Extract the following information using SPARQL questies:

1. Extract the people who earn more than 10,000.
2. Extract the people who earn more than 10,000 and were born before the year 1994.
3. Extract the people who earn more than 10,000 or were born in the year 1994.
Find the distinct salaries received by people and list them in sorted order.
4. Delete the information about "Bob" from the dataset. #processUpdate

In [75]:
query = """
    PREFIX ex: <http://ex.org/>
    SELECT DISTINCT ?a
    WHERE {
        ?a ex:people/hasMonthlySalary ?b .
        FILTER(?b > "10000"^^xsd:integer)
    }
"""

query = """
    SELECT DISTINCT ?a
    WHERE {
        ?a <http://ex.org/people/hasMonthlySalary> ?b .
        FILTER(?b > "10000"^^xsd:integer)
    }
"""

res = g.query(query)
for row in res:
    print(f"{row.a}")


http://ex.org/people/Alice
http://ex.org/people/Dave


In [79]:
query = """
    SELECT DISTINCT ?a
    WHERE {
        ?a <http://ex.org/people/hasMonthlySalary> ?b .
        ?a <http://ex.org/people/hasDOB> ?c .
        FILTER(?b > "10000"^^xsd:integer && ?c < "1994-01-01"^^xsd:date)
    }
"""

res = g.query(query)
for row in res:
    print(f"{row.a}")

http://ex.org/people/Alice
http://ex.org/people/Dave


In [81]:
query = """
    SELECT DISTINCT ?b
    WHERE {
        ?a <http://ex.org/people/hasMonthlySalary> ?b .
        ?a <http://ex.org/people/hasDOB> ?c .
        FILTER(?b > "10000"^^xsd:integer || ?c < "1994-01-01"^^xsd:date)
    }
    ORDER BY ASC(?b)
"""

res = g.query(query)
for row in res:
    print(f"{row.b}")

10000
12000
15000


In [114]:
from rdflib import plugins
# from rdflib.sparql.processor import processUpdate

query = """
    DELETE
    {?s ?p ?o}
    where {
    values(?s) {(<http://ex.org/people/Bob>)}
    ?s ?p ?o }
"""

plugins.sparql.processor.processUpdate(g, query)
# print(g.serialize(format="turtle"))

In [115]:
print(g.serialize(format="turtle"))

@prefix ns1: <http://ex.org/people/> .
@prefix xsd: <http://www.w3.org/2001/XMLSchema#> .

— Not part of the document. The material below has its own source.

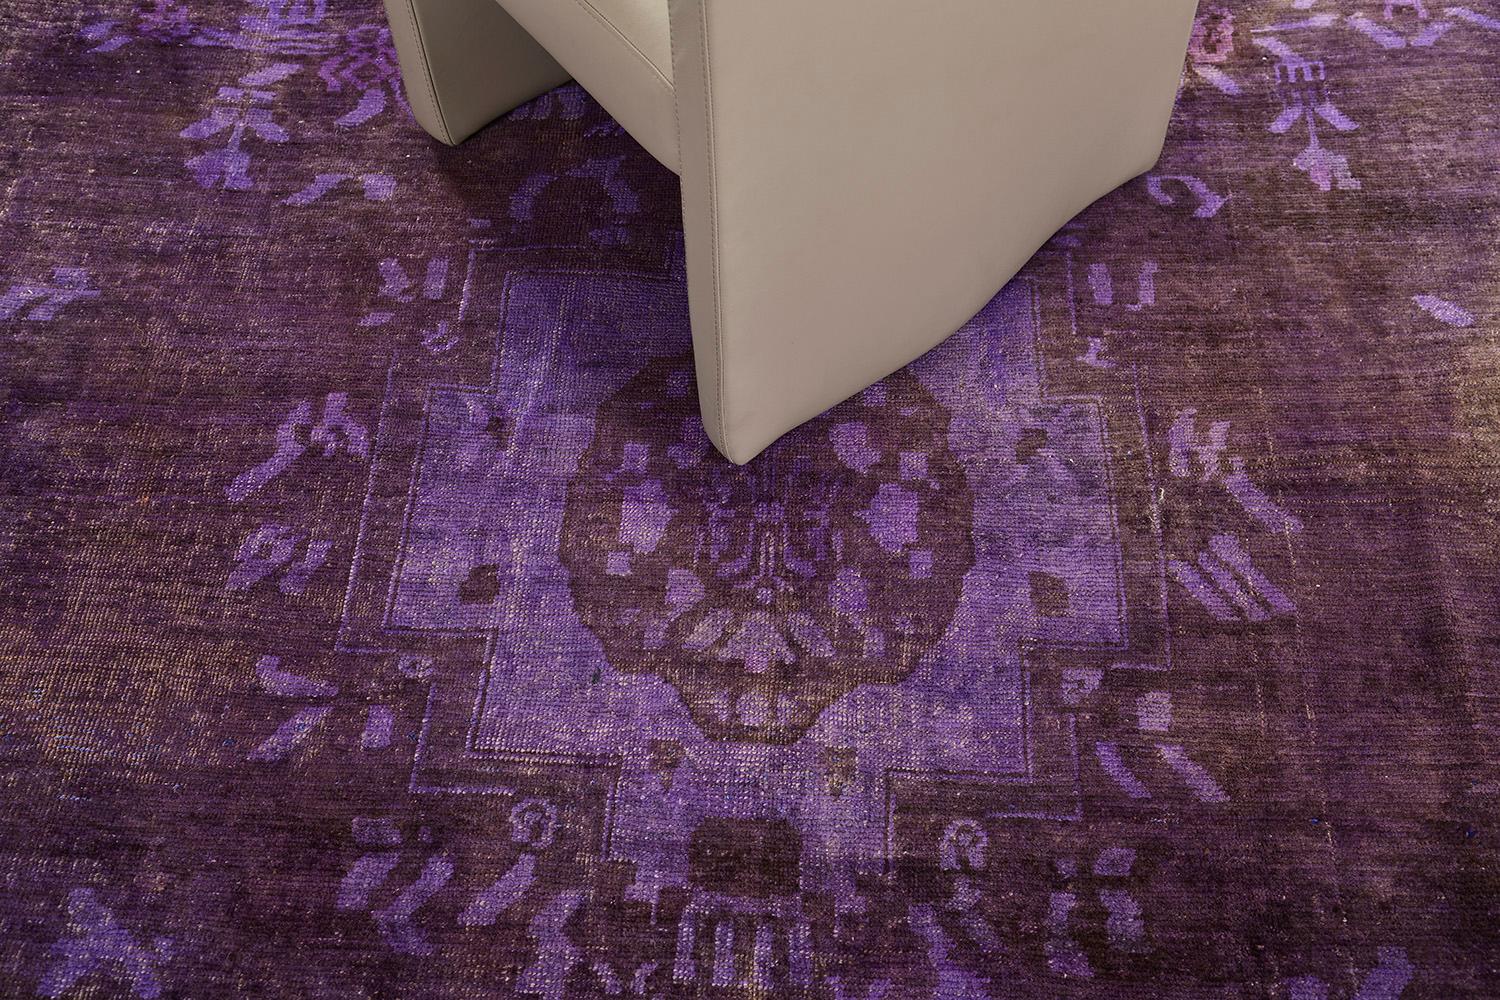 A great way to feel traditional flooring and looks more modern and contemporary style with this type of Anatolian rug. A blue purple-toned background is well coordinated with a black pigment vine pattern at the center. This overdyed Anatolian design
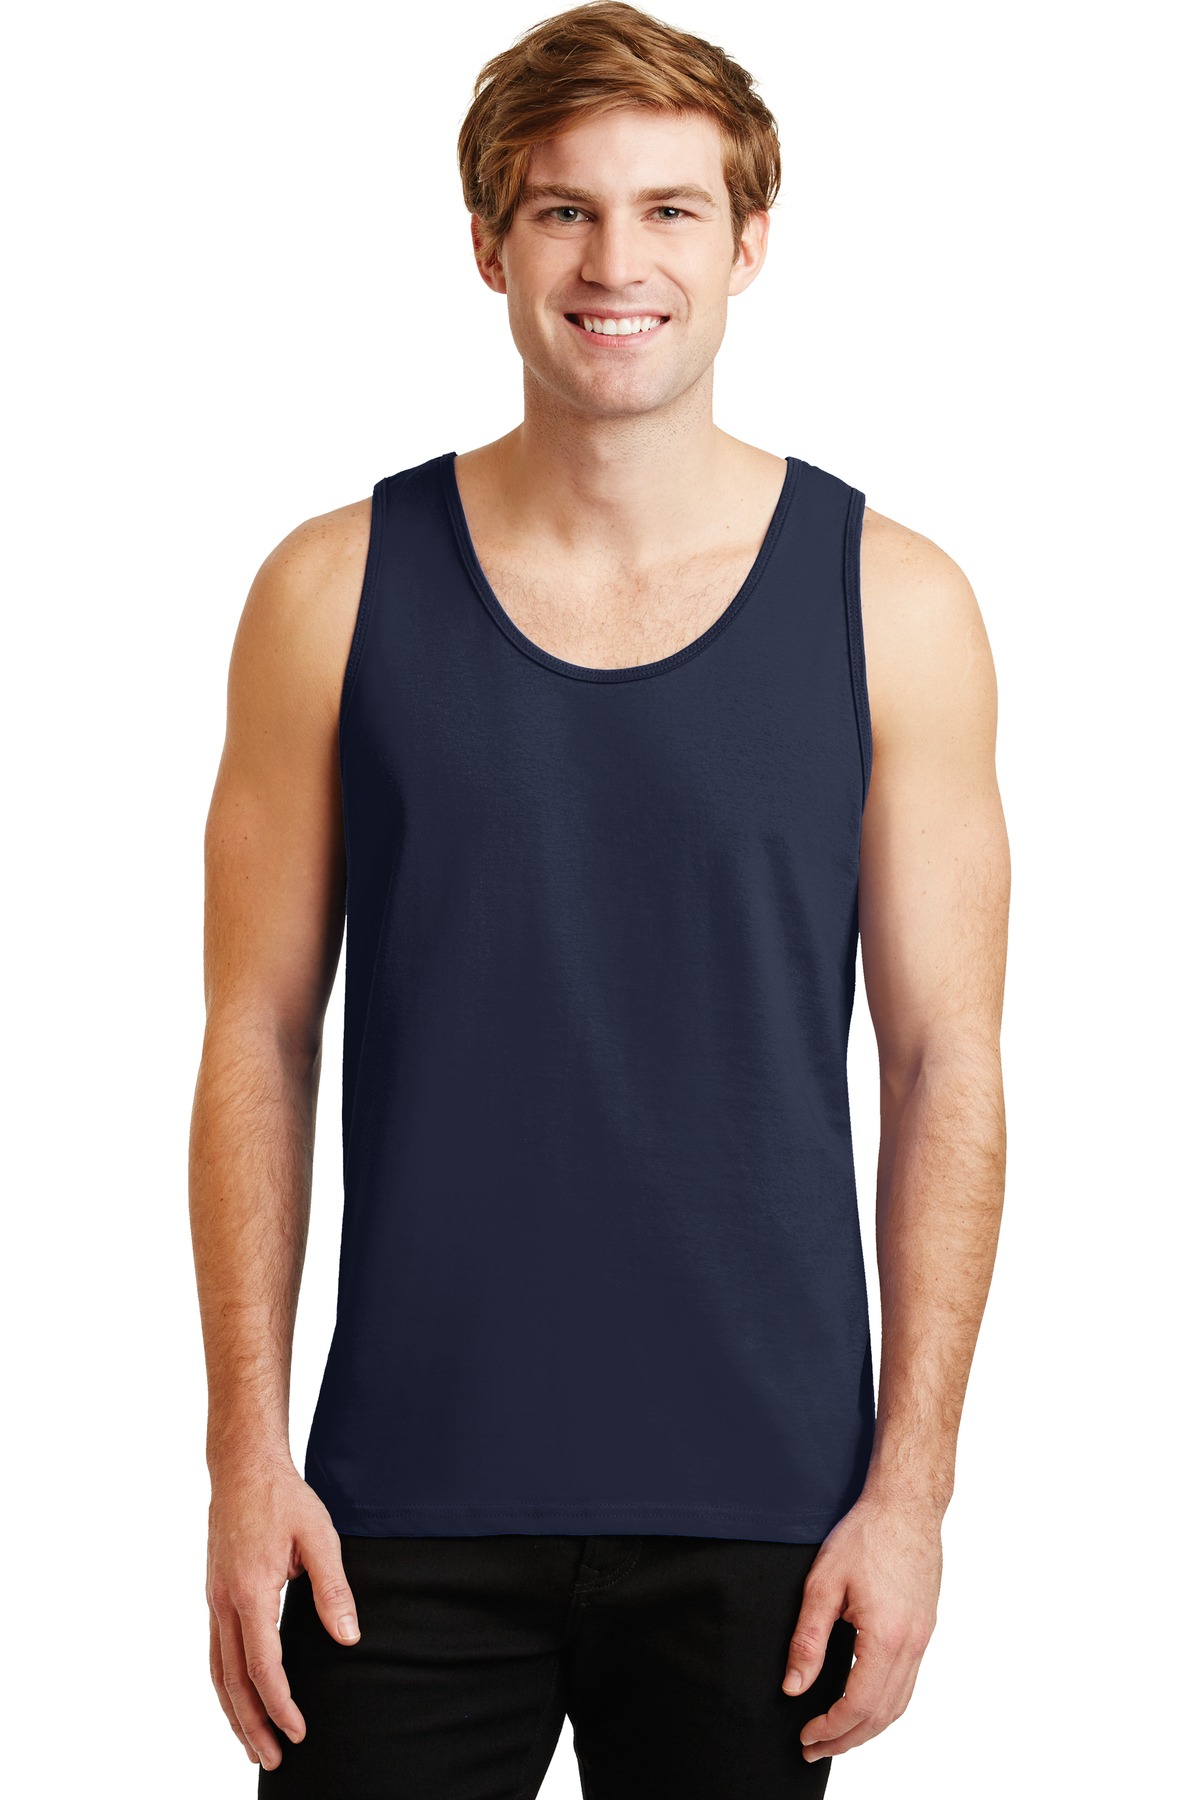 Normal is Boring - Men's Tank Top for Men, up to Men Size 3XL - San Francisco - image 2 of 5

ns1:Alice ns1:hasDOB "1884-02-02"^^xsd:date ;
    ns1:hasFullName "Alice Smith" ;
    ns1:hasGender <http://ex.org/Female> ;
    ns1:hasMonthlySalary 12000 ;
    ns1:knows ns1:Bob ;
    ns1:worksFor <http://ex.org/Fictional%sDynamics> .

ns1:Charlie ns1:hasDOB "1992-03-03"^^xsd:date ;
    ns1:hasGender <http://ex.org/Male> ;
    ns1:hasMonthlySalary 10000 ;
    ns1:knows ns1:Dave ;
    ns1:worksFor <http://ex.org/Actual%sDynamics> .

<http://ex.org/Fictional%sDynamics> ns1:hasCompanyName "Fictional Dynamics" .

ns1:Dave ns1:hasDOB "1991-04-04"^^xsd:date ;
    ns1:hasGender <http://ex.org/Male> ;
    ns1:hasMonthlySalary 15000 ;
    ns1:worksFor <http://ex.org/Actual%sDynamics> .

<http://ex.org/Actual%sDynamics> ns1:hasCompanyName "Actual Dynamics" .